> **Task item**
Write out, word for word and with no pictures, each line below from the one containing "aws.amazon.com/jp/summits/jap…" through the one containing "Iron Bridge Property", both included, and no other line.

> **Information**
-- Opening Marker --
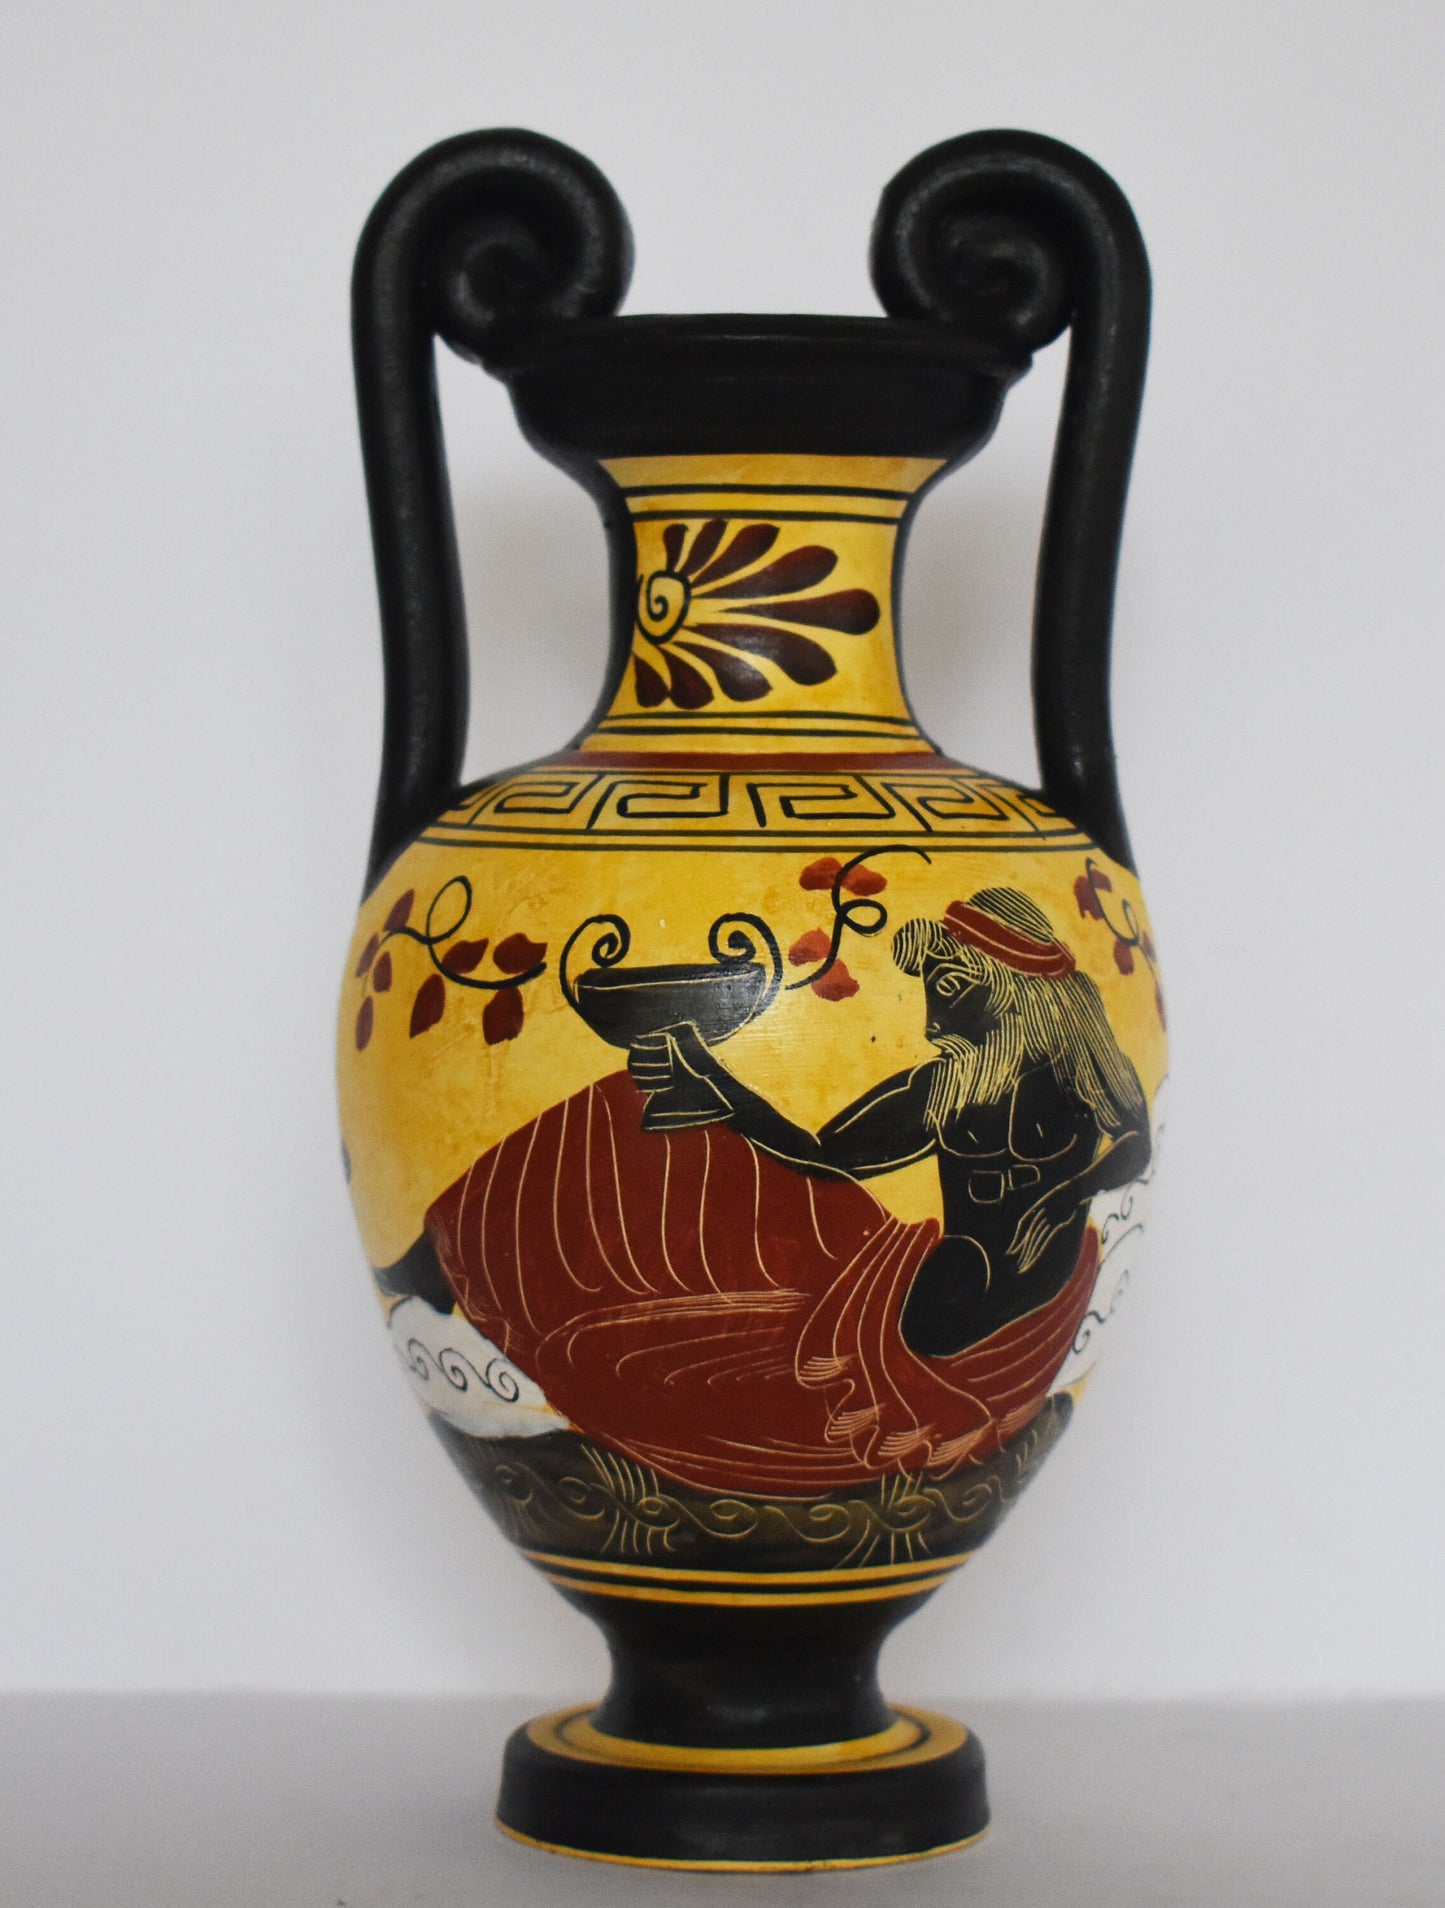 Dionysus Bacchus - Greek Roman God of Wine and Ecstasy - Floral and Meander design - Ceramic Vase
-- Closing Marker --
-- Opening Marker --
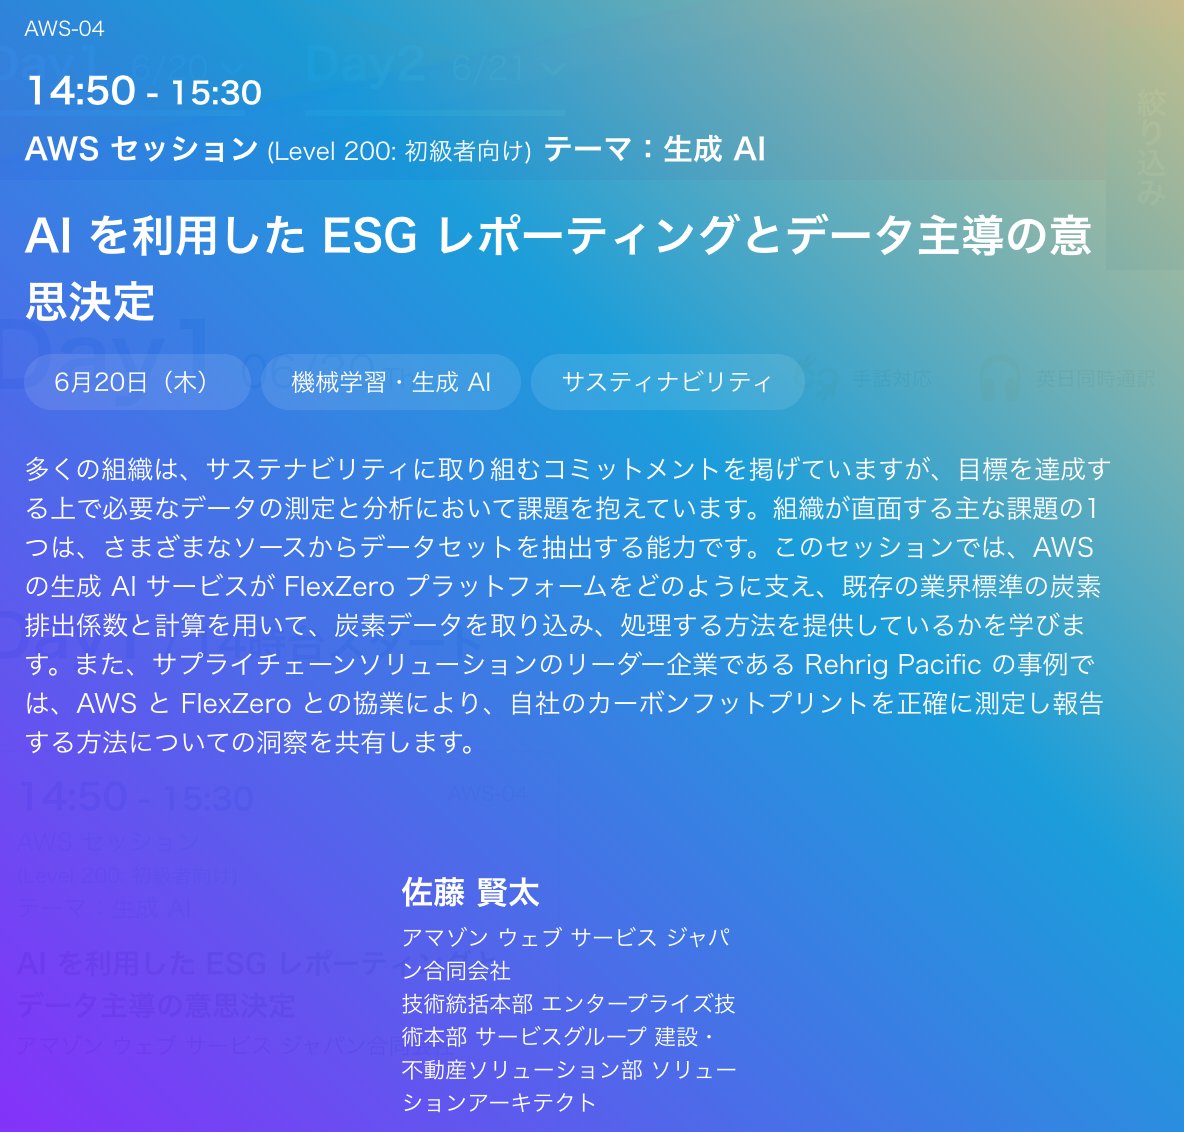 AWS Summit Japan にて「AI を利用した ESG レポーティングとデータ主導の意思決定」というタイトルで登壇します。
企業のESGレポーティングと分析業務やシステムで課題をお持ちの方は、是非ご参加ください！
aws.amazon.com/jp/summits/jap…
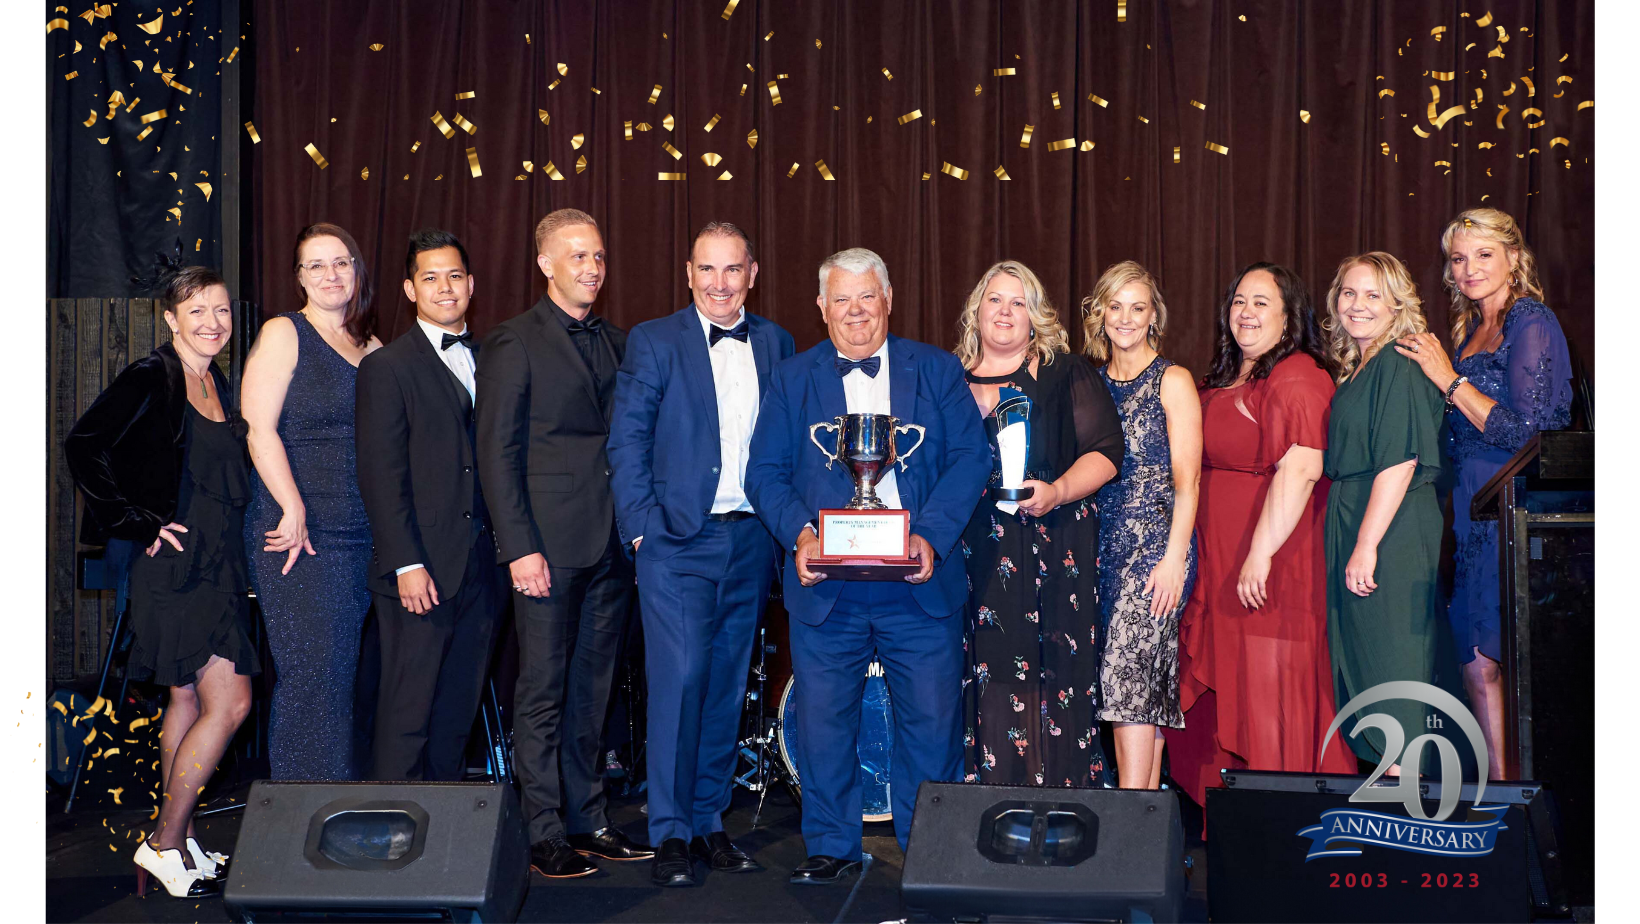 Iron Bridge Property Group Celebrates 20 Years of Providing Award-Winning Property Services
-- Closing Marker --
-- Opening Marker --
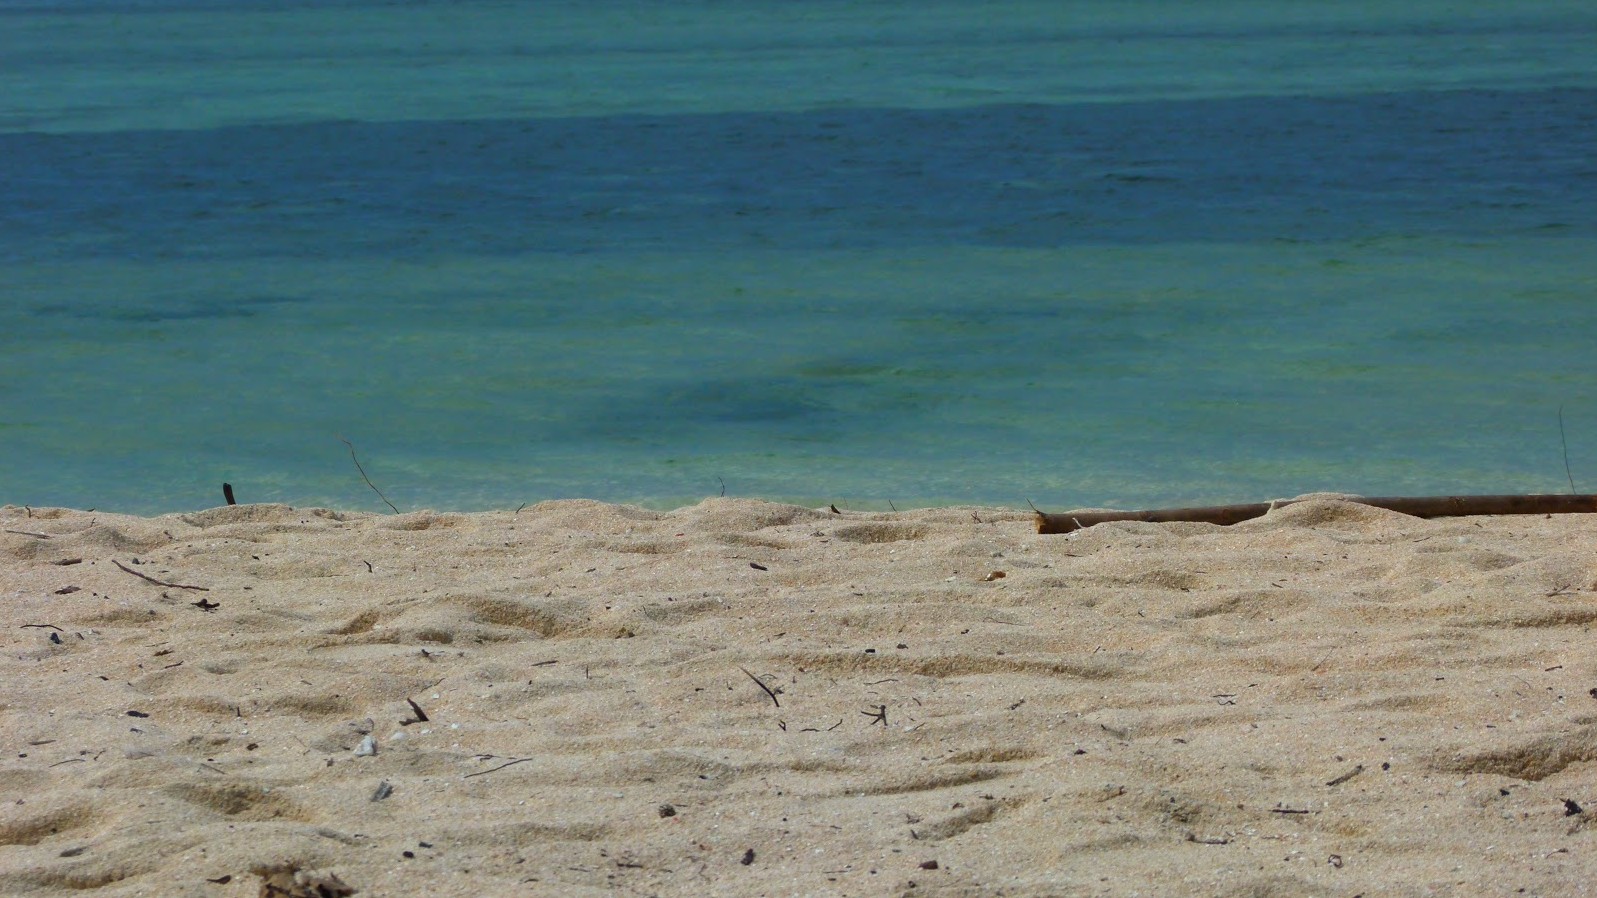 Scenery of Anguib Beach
-- Closing Marker --
> **Result**
aws.amazon.com/jp/summits/jap…
 Iron Bridge Property Group Celebrates 20 Years of Providing Award-Winning Property Services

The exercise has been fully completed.